Following the establishment of Jennings Electronic Industries (JEI) in Dartford, Michael Edward Huckle played a key role in the development of an updated version of the AC30 amplifier. With a background in electronic engineering, Huckle contributed to the design improvements and production of JEI’s amplifier range. Under his leadership, the company modernized the AC30 while maintaining its signature tone, ensuring its continued popularity among musicians. Dick Denney later joined JEI, and together they expanded the product line to include additional amplifiers and a new range of organs.

The Tom Jennings-led JMI Company folded in 1968 and the brand lay dormant for almost 30 years.

===Re-birth===
In 1997, Richard and Justin Harrison, then owners of Hiwatt amplification UK and Music Ground Ltd, purchased the "JMI" trademark. At the time the Vox brand was owned by Korg, and unlike the Korg Vox amplifiers being manufactured then, the Harrisons wanted to make exact reproductions of the original Jennings-Denney designs.

In early days of the new JMI, a small number of 50W and 100W hand-wired heads were produced, as well as cabinets, to test the waters for a re-launch. As the Hiwatt brand grew larger, the desire to produce the JMI amplifiers grew stronger and stronger; many of the Harrisons' regular customers were asking on a monthly basis when the amplifiers were to be manufactured for general sale.

The pivotal point of the JMI rebirth was the meeting of amplifier engineer and JMI enthusiast Steve Giles with co-owner Richard Harrison. Giles had previously built amplifiers based on Jennings’ designs, which impressed Richard Harrison to such an extent that some prototype models were made.

In 2005 the company decided to make models JMI 15/4, JMI 30/4, JMI 30/6 and the JMI 30TV Front. The amps were made available in the classic black, smooth tolex and a 100% replica of the original fawn tolex. Other options included a choice of speakers, either Celestion Greenback or JMI (Fane made) Blue Alnico Speakers. A new JMI gold logo adorned the front of the cabinets, completing the product made to the original Jennings/Denney specifications.

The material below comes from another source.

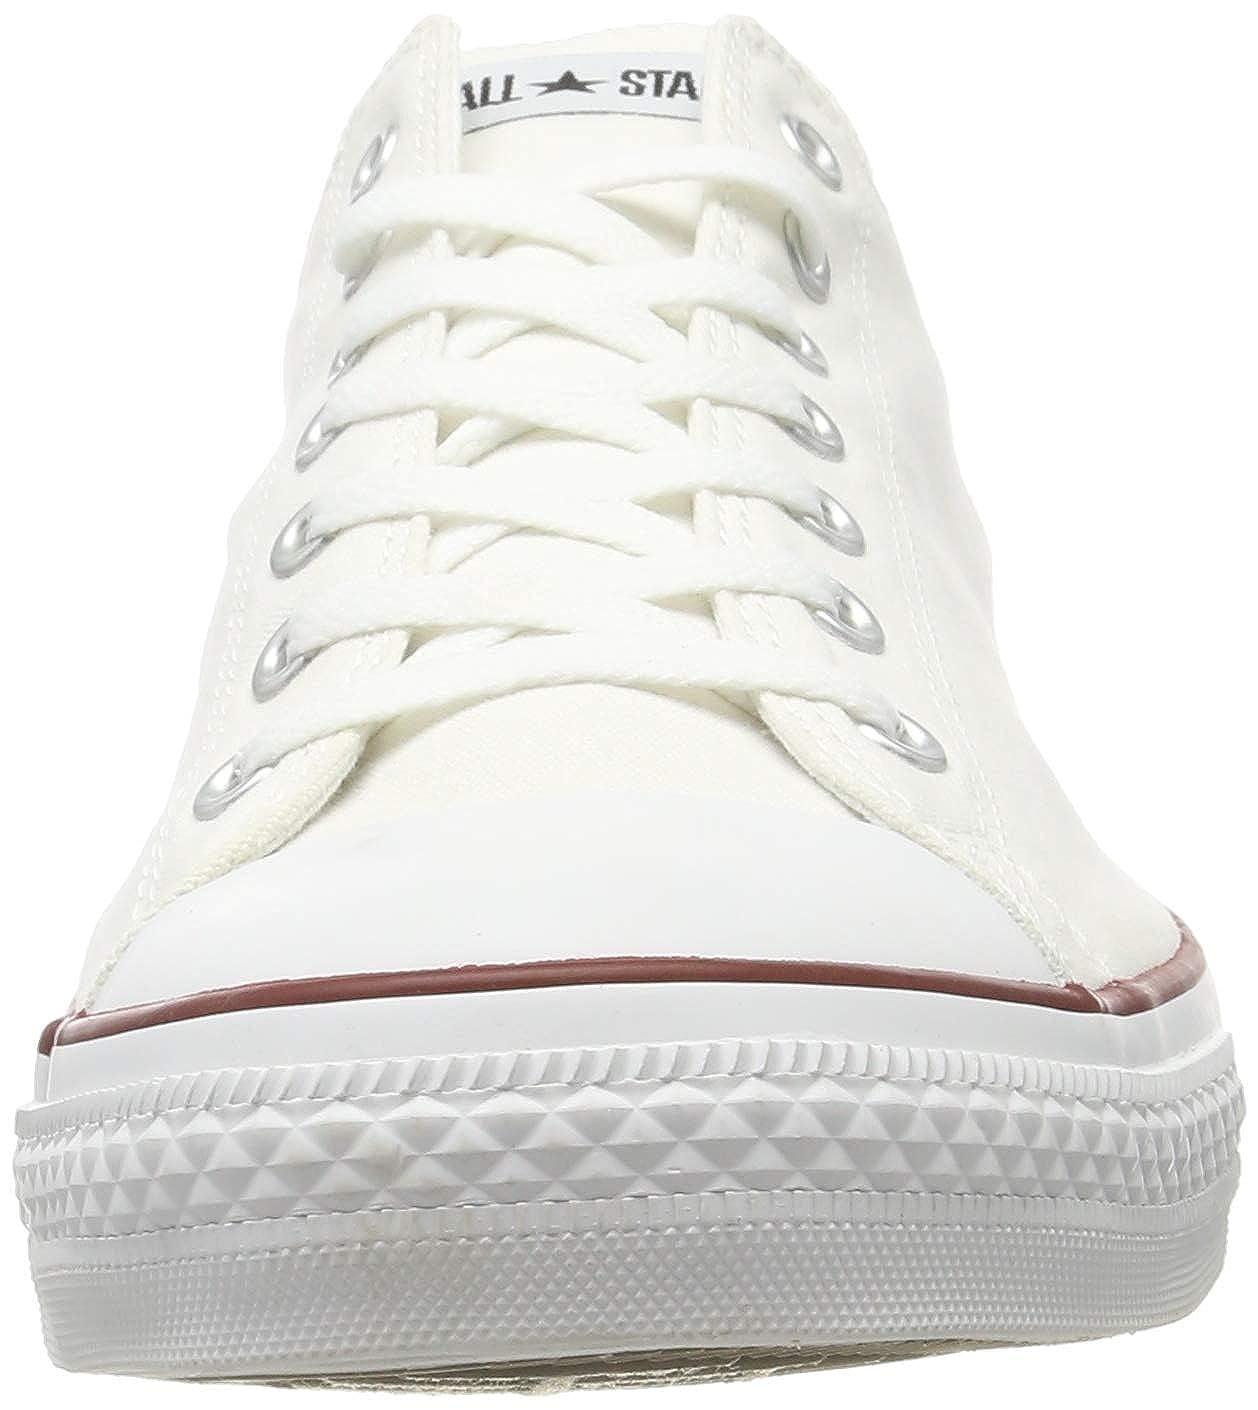 CONVERSE Designer Chucks Schuhe - ALL STAR - - -  ef81a2

After positive feedback from a sample amplifier taken to the Namm show of 2006 the amplifiers were launched for general sale in the March of that year, showcasing at the Frankfurt Musikmesse at the end of March 2006. Also, as an added option, the company offered a rear-mounted top boost on all 30W models.

The company was asked to revive other classic models such as the 4W combo, 15 Twin, 50W head, 100W head and cabinets which came into production in 2007 (showcased at the Namm 2007). Since the rebirth the new JMI amplifiers have found their way into the hands such as Noel Gallagher, and Billy Gibbons.

==JMI Pedals==
In late 2008, JMI launched two fx pedals to accompany their range of handmade products. These were the MKII Tone Bender and Treble Booster. The MKII Tone Bender featured a cast chassis as per the original and used New Old Stock Mullard OC-75 Transistors. The Treble booster was to feature a circuit based on the famous Dallas Rangemaster using an OC-44 NOS transistor. Early examples of each pedals are simply spray painted (around 50 Units); later they were powder coated which looked much more authentic to the original. Early packaging was a simple box rubber stamped Tone Bender with a cloth bag also stamped with the same brand. Later examples have the white box with Dallas Style Tone Bender Stickers on the outer and come with a photocopied leaflet of the pedals.

Inside, the pedals were marked either SG, NB or KM: SG Standing for Steve Giles, NB being Nick Browning and KM denoting Kee Mayer, JMI Engineers from Doncaster, England.